Dass die Scharia keinen Kodex hat und viele Bereiche des Lebens nicht abdeckt, hat dazu geführt, dass in den meisten islamischen Ländern eine Mischung von Rechtsnormen gilt. Dort finden sich – außer im Iran, in Saudi-Arabien und im Sudan  – säkulare neben islamischen Rechtsnormen.
Unter Muslimen ist die Ansicht verbreitet, dass die Scharia alle Bereiche des Lebens umfasst und alles göttliche Recht unveränderlich ist. Die Geschichte beweist jedoch, dass viele für schariatisch gehaltene Bestimmungen unter dem Einfluss der Umstände ausgesetzt oder verändert wurden. Daher unterscheiden Rechtsgelehrten, insbesondere wenn sie die praktische Seite der islamischen Geschichte berücksichtigen, zwischen dem Festen und dem Änderbaren in der Scharia.
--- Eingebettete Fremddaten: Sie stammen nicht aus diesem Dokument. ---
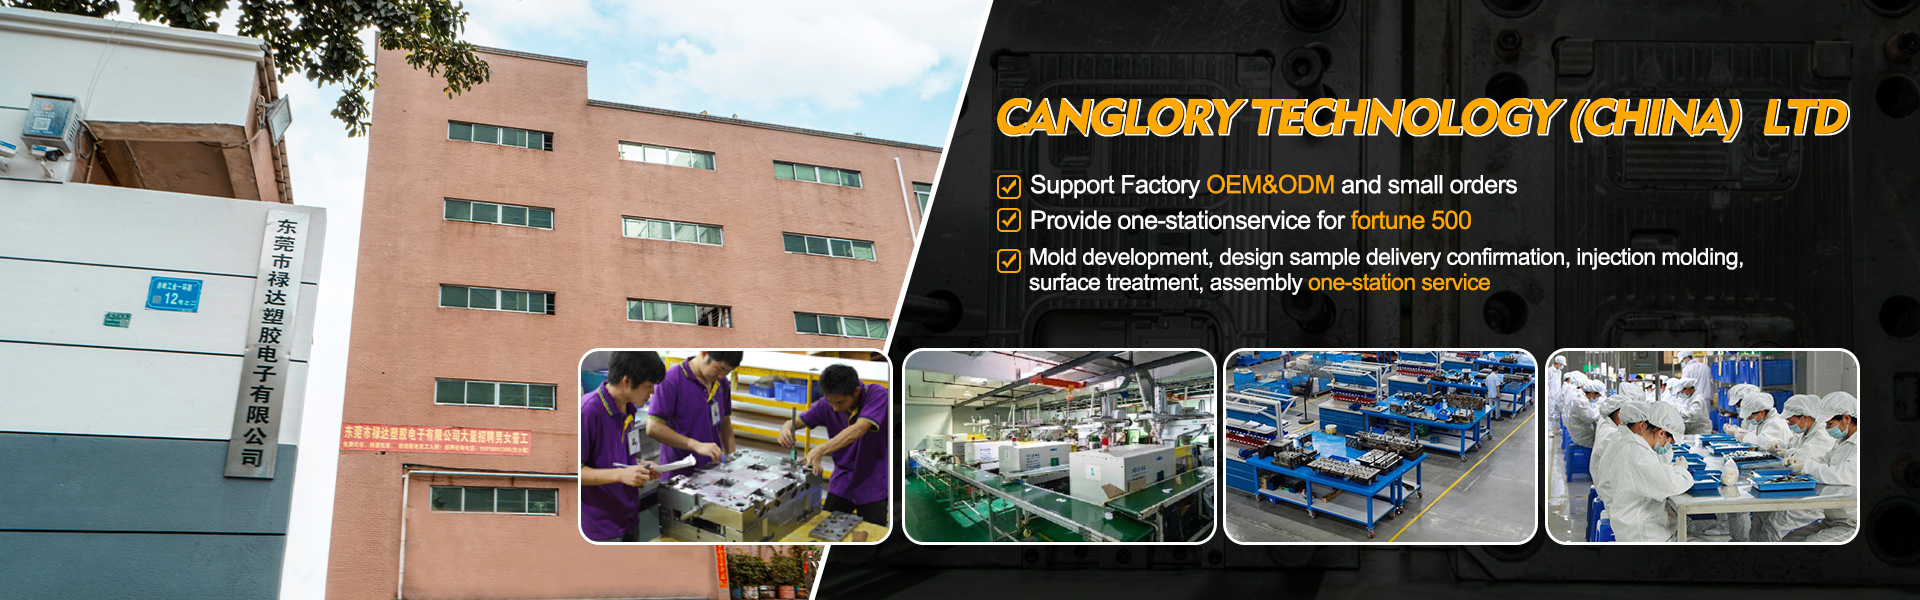 Domov - Lisování, injekce, výrobce originálního vybavení|technologie Canglory Technology (China) Ltd

Das Unwandelbare umfasst die moralischen und religiösen Werte, während sich das Wandelbare auf weltliche und wissenschaftliche Angelegenheiten bezieht. Zum ewig Konstanten gehören die Glaubensinhalte; die fünf Grundlagen des Islam (Glaubensbekenntnis, rituelles Gebet, Almosensteuer, Fasten und Pilgerfahrt); die eindeutigen Verbote wie das des Zaubers, der Menschentötung, der Unzucht, des Wuchers und der Verleumdung; sowie Grundwerte wie Ehrlichkeit, Treue und Anständigkeit. Dagegen bezieht sich das Wandelbare auf das Politisch-Weltliche. Es ist der Rechtsfindung – dem „fiqh“ –, also dem Menschen überlassen. Selbst wenn er auf Koran und Sunna Bezug nimmt, gilt das Verfahren als menschlich.

Weil immer der Mensch die Gebote Gottes auslegt und in die Praxis umsetzt, besteht bei näherem Hinsehen kein Widerspruch zwischen dem islamischen Recht (der Scharia) und dem weltlichen Recht. Denn jedes Recht ist vom Menschen geschaffen. Man könnte aufgrund der Unterscheidung zwischen Wandelbarem und Unwandelbarem in der Scharia noch weiter gehen und sogar behaupten, dass die Scharia säkularen Charakter aufweist, denn es handelt sich dabei um von Menschen geschaffene „fiqh“. Diese umfasst verschiedene Rechtsschulen unterschiedlicher Ansichten. In ihnen lässt sich für fast alle Bestimmungen des säkularen Rechts ein Beleg finden. Man kann sogar gegensätzliche Ansichten belegen.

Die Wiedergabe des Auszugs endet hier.